The book (expanded from my Amazon Vine review)
For admirers, such as me, of the first two books by Aaron Hamburger (born in 1973), the 2004 collection of stories mostly set in postcommunist Prague, and The View from Stalin’s Head and Faith for Beginners, a 2005 novel centered on an American Jewish family’s vacation in Israel, it has been a long wait for a third book/second novel. The first book won the Rome Prize and in the year’s residency at the American Academy in Rome, Hamburger said he was writing a novel set in Berlin.
The novel that finally emerged fourteen years after the first, Nirvana Is Here, is long (372 pages, not the 330 Amazon lists). It has the feel of a first novel both in that it mostly recalls adolescent trauma and yearning and in that its protagonist’s name, Ari, is not very different from the author’s (Aaron, who also grew up in the Detroit area in a Jewish bubble, attended a private high school, and then went to the University of Michigan.)
I don’t know whether the main relationships in the novel, a rape by the son of a rabbi who lived across the street from Ari, or the frustrating slow attempted seduction of Justin, a handsome and charismatic black classmate from “the city” (Detroit), who seems to be straight but eventually does some “fooling around” with Ari, have autobiographical bases. They have verisimilitude whatever their basis (in fact or imagination or some combination) is.
That others have same-sex attraction was more obvious to Generation Xers than it was to Baby Boomers (such as myself), but sorting out sexuality does not appear to have been that much easier, although Ari learns that three of his classmates and the librarian who becomes his English teacher also have such feelings. He does not figure out that rape is more about power than about sexuality, and does not come to terms with the traumatic memory.
There is a lot of self-deprecating humor both about the 40-something medieval history professor and the 13-17-year-old boy (he had skipped a grade, so was younger than his private school classmates), but also ironies of others, including a less-than-fully-accepting mother.
There is also a lot about Kurt Cobain (Nirvana) and other grunge-rock bands important to Ari and some other Generation Xers. Though the music is after my time, the fascination to the edge of fixation is comprehensible to someone who did not grow up with the music (Hamburger has written elsewhere that he did not hear a Nirvana album until he was in college at the University of Michigan, older than Ari was when he heard and starting obsessing on it.)

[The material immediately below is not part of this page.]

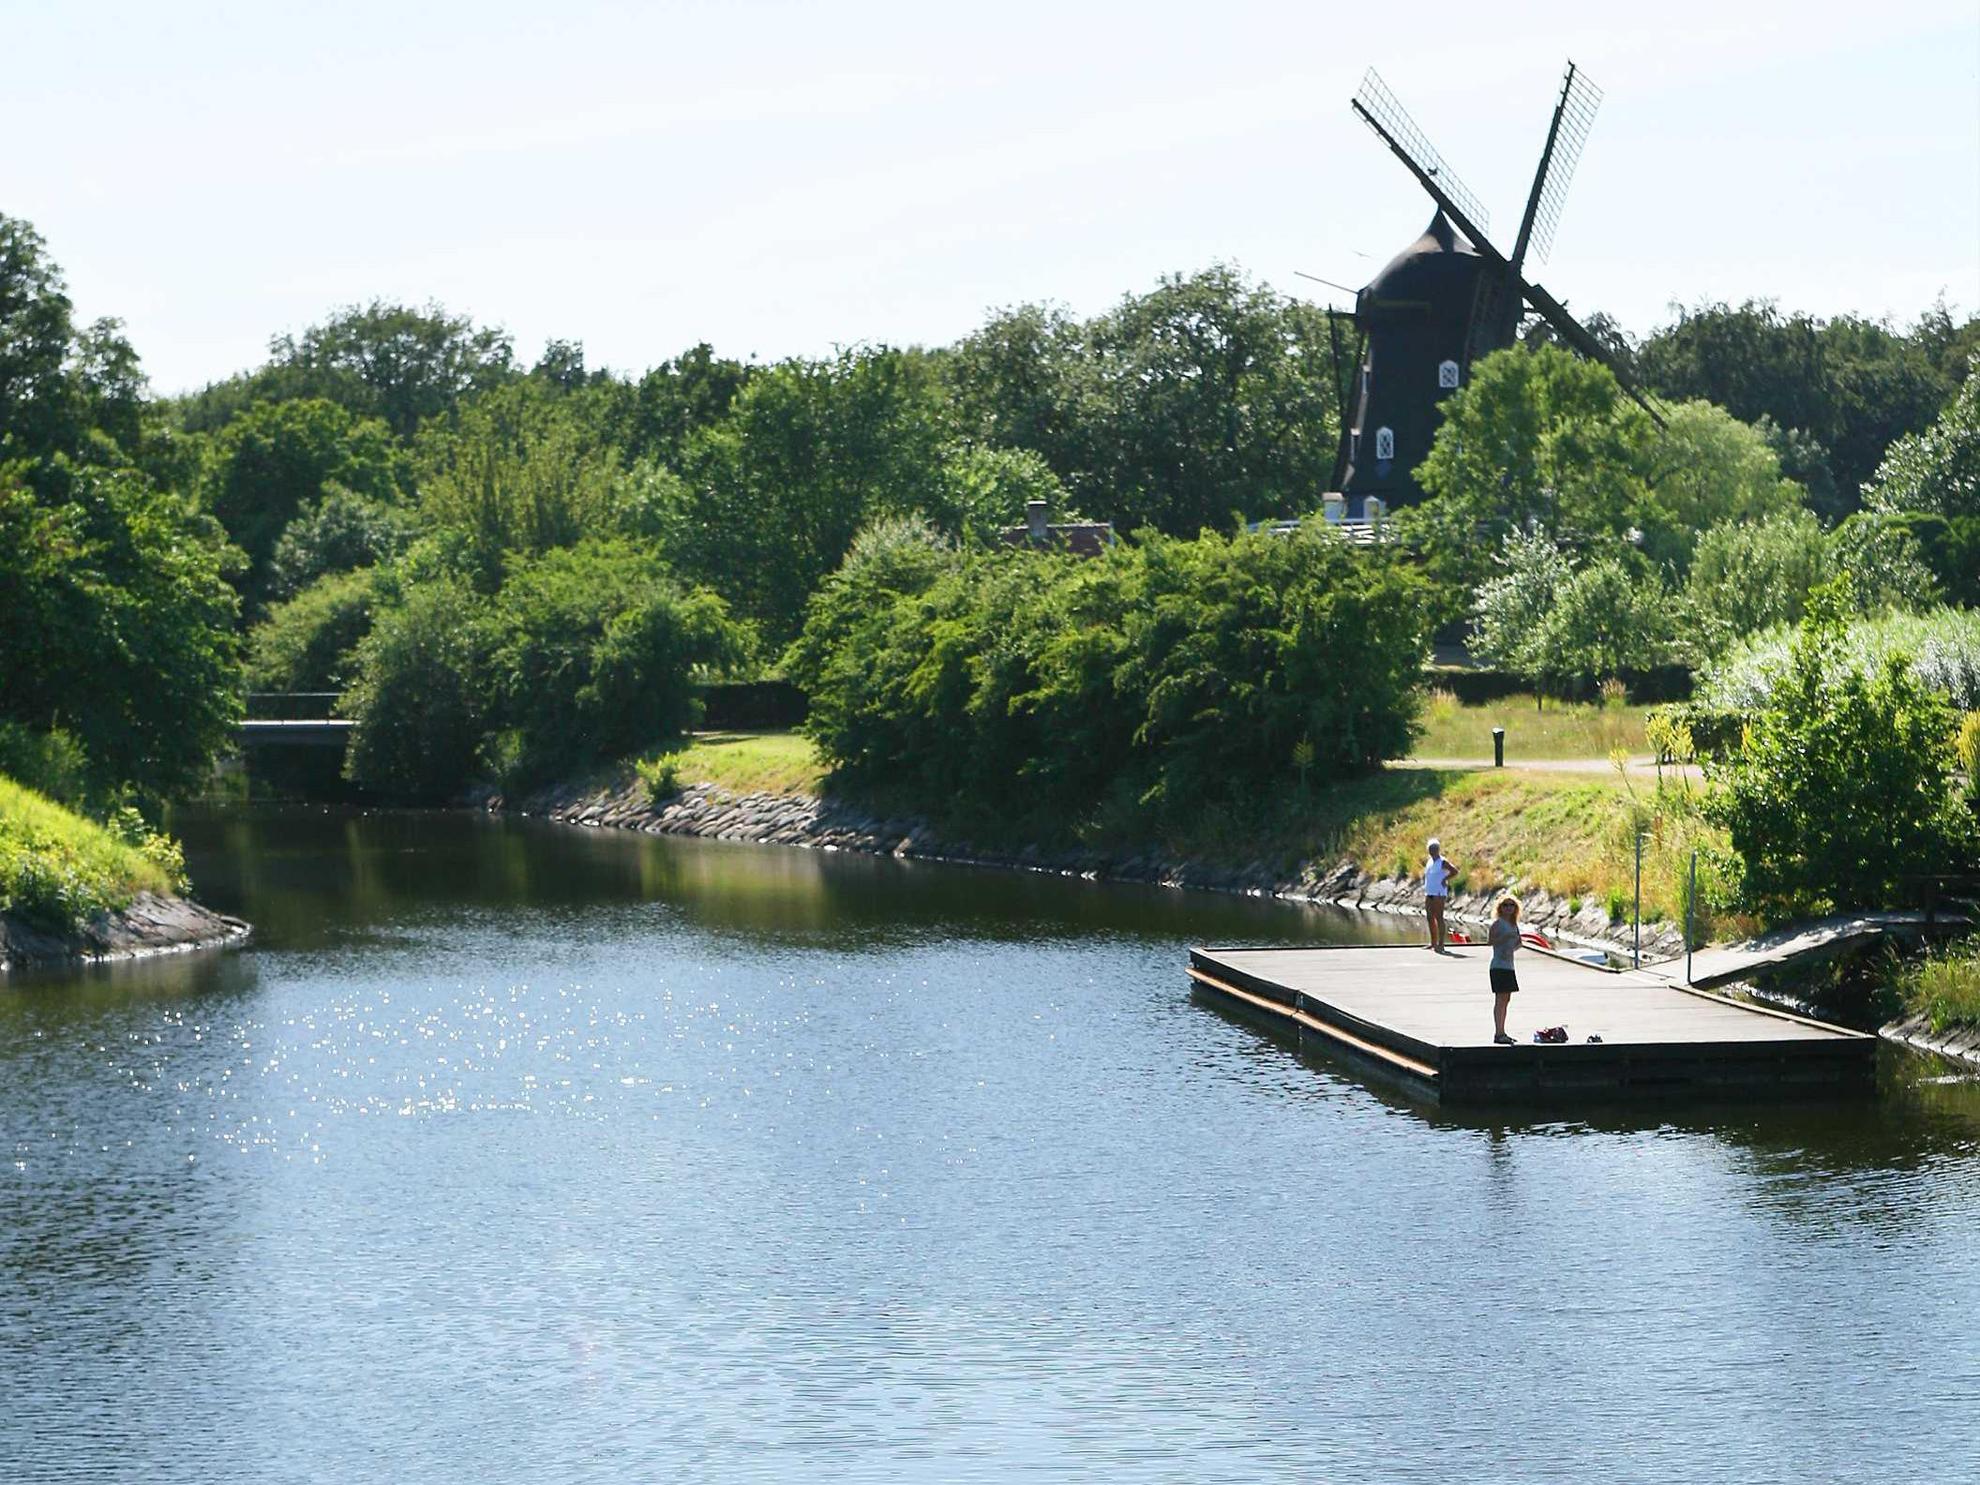 Two women standing on a jetty on a canal in a city garden. There is a windmill surrounded by greenery in the background.

I found the novel a good if sometimes painful (pain-filled) read. I thought it could be shorter, but the cut that seemed most obvious to me (an interlude on the Côte d’azur) is one that especially charmed me in retrospect.
The author
As I expected, Aaron Hambuger (born in Detroit in 1973), even on a grueling book tour, was quite charming. Asked if he himself attended a private high school, he said he had, though one less preppy (uniformed) than the one in Nirvana Is Now. For the book, which he says was inspired by Thomas Hardy’s 1891 Tess of the d’Urbervilles (he ascertained that only one of the twenty members of the audience had read Hardy’s novel), he appropriated the name of an east coast very preppy academy, Dalton.
I knew that he did not discover Nirvana/Kurt Corbain until he was in college at the University of Michigan. He said that he had done several drafts of the novel without the main characters’ cult of Nirvana, but that its presence for the time frame of sophomore-junior-senior of the protagonist fit perfectly (if a bit later than his own high school time).
He said that the first draft began with the rape. He was warned that this very heavy material if frontloaded might discourage readers before they found out that the book is a high school romance (less frustrated than those of many of is!), and he spread the information across the book.
He volunteered the information that he had not had a relationship like the one in the book. When he was in high school, he recalled, he did not know that he was gay or that one could be such a thing. He just knew that he wanted to spend all his time with a close male friend.
I asked what happened to the novel set in contemporary Berlin that he said he was writing when he went to the American Academy in Rome, after winning the Rome Prize for The View from Stalin’s Head. He said that he drafted it, but no publisher was interested, and eventually when he tried to look at it, the words blurred, and he gave it up.
He said that he had finished a draft of a new novel set in 1922-23 Cuba just before taking off on this book tour. His grandmother had made it to Cuba and tried to enter the US at Key West. She was deported back to Cuba, though eventually immigrating legally.
He was lobbying senators about immigration. D.C. doesn’t have one, and he took on his earlier being from Michigan and went to talk to Debbie Stanhow. He told her his grandmother’s story. When he asked what he could do to advance the cause, she told him “Tell her story. You’re a writer!” And he has, happily working over the manuscript flying from D.C. to Seattle. (He currently teaches at George Washington University and at the Stonecoast MFA in Creative Writing program in southern Maine.
David Mura is the only other name on the faculty there I recognize.)
In general, he thinks that words on the screen look too definitive and enjoys working on the printed-out text. His goal is to work 3 hours a day, 5 days a week.
BTW, he said he did almost as much research on the 1990s for Nirvana as he has done on the 1920s (in Cuba yet).